The site for this art studio facility was an abandoned tennis court at the heart of the campus. The School had originally been a private country estate, with landscaping designed by the Olmsted Brothers and most of the original features remain. The original owners gifted the property to the School in the late 1930’s but the majority of the original architecture was lost in a tragic fire in the early 1960’s. A new complex was built along with several dorms and all were designed by the same architect, John Carter. The campus therefore has a very cohesive “mid-century modern” aesthetic.

The School had over its 125+ years attracted a very artistic student body, but in more recent decades its art facilities had become relegated to light-less basement spaces and a drafty old barn with splintered floors. This did not deter its determined student body; however the School felt that it was overdue to build new arts facilities to inspire its students.

The program called for two dance studios, dance school lobby, painting / drawing studio, music studio, outdoor stage and amphitheater, entry bridge for upper level accessibility, geothermal heating system, and rooftop solar array to power not only the new building but also an existing dormitory. The dance studios were to be shared with a popular local community dance school.

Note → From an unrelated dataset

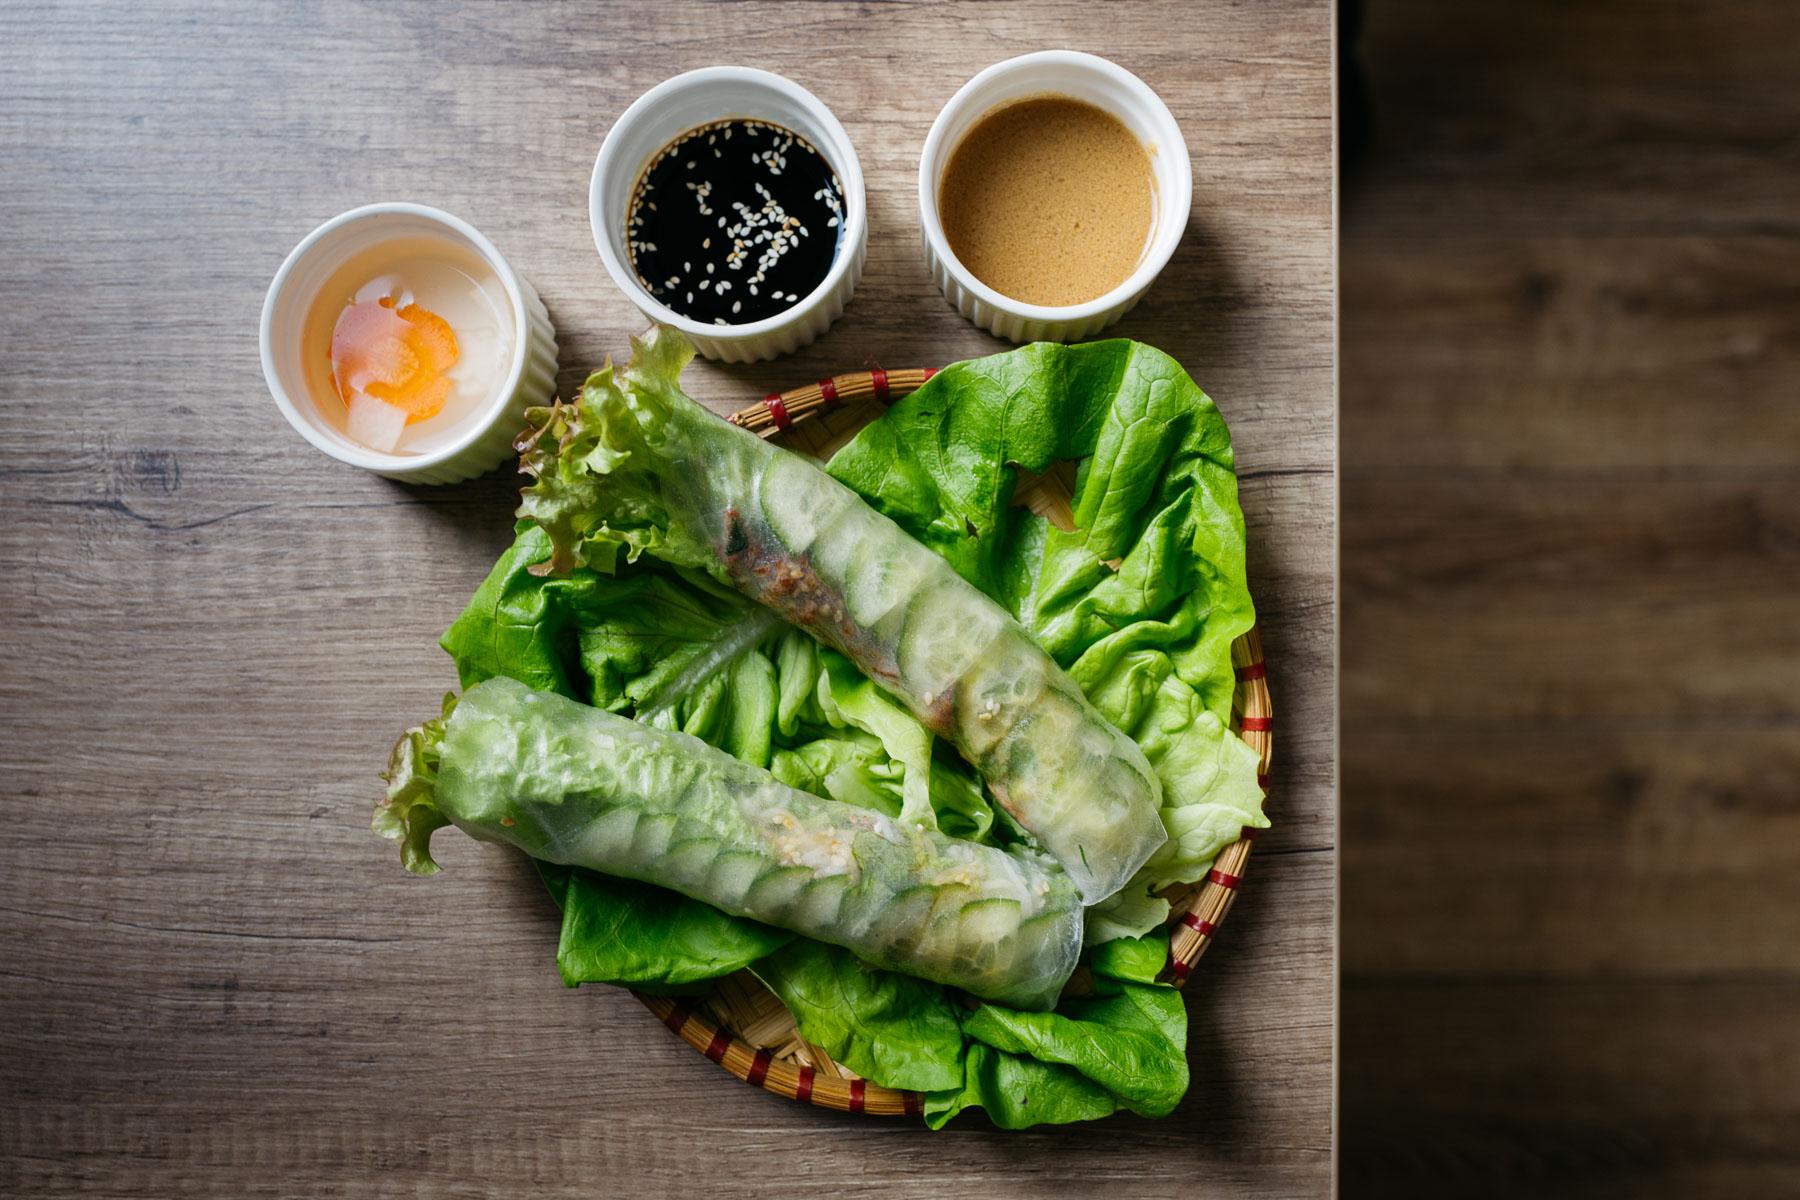 spring rollsy (wołowina, sezam)
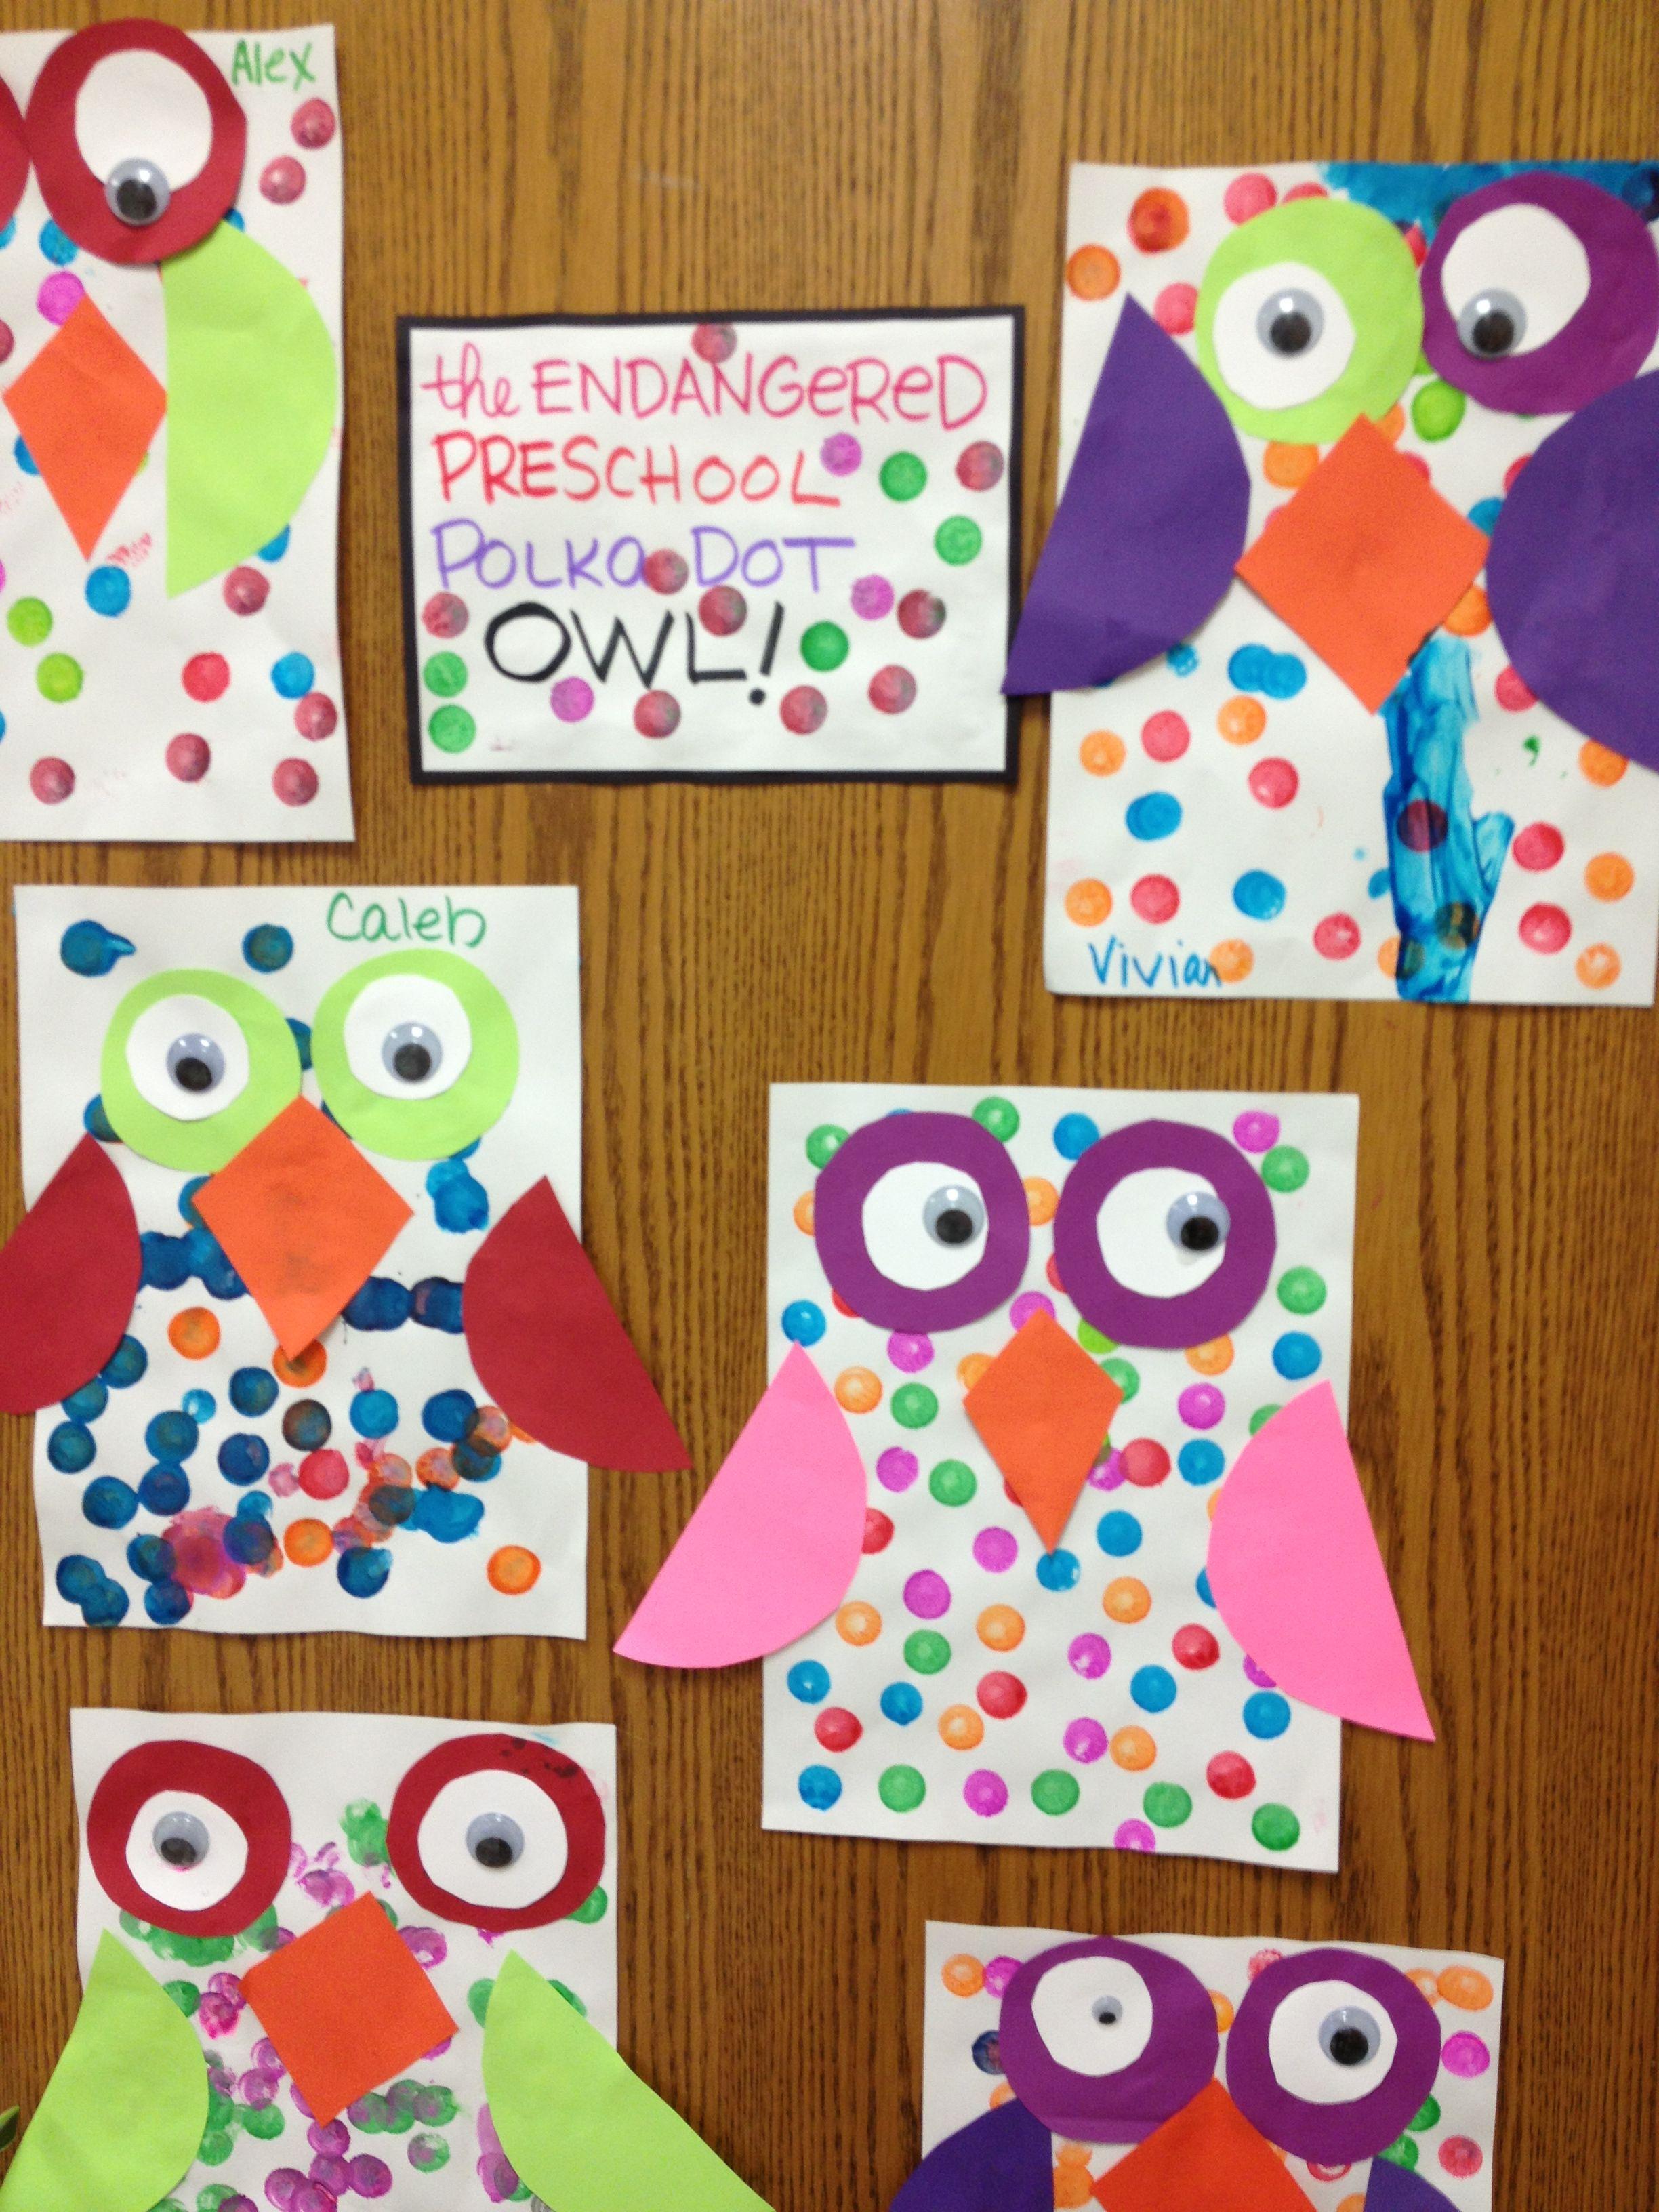 Polka Dot Owls No Link Do You Know The Original Link

The budget was extremely tight, so the building’s shape had to be as simple as possible. The main public façade is a north-facing engineered lumber curtain wall, designed to bring abundant but diffuse northern light into all four studios. Floating within this glass façade is a relatively solid bay window for the music studio, homage to the building’s namesake who had studied music at the School in the 1950’s.

The sides are mostly solid collages of white painted fiber-cement clapboards and a stone base to connect visually with the rest of the campus architecture.

The fourth wall is an outdoor stage facing an amphitheater shaped by the existing topography. On top, a shed roof faces south west to accommodate a 50 kW rooftop photovoltaic array. The rooftop solar panels are Canadian Solar PV modules.

The engineered wood curtain wall and outdoor stage beam are Canadian cross laminated black spruce (fabricated from logging remnants). The outdoor stage column came from a nearby forest. The clapboards, panels, and trim are fiber-cement and contain post-industrial fly-ash.

Interior finishes include rubber tile flooring in public areas and painting studio, rubber membrane “sprung” dance flooring, and post-consumer recycled carpet tiles in the music studio.

All light fixtures are LED, all plumbing fixtures are water-conserving, and the drinking fountains include water bottle fillers.

Ruhl Walker Architects provided their design services pro bono.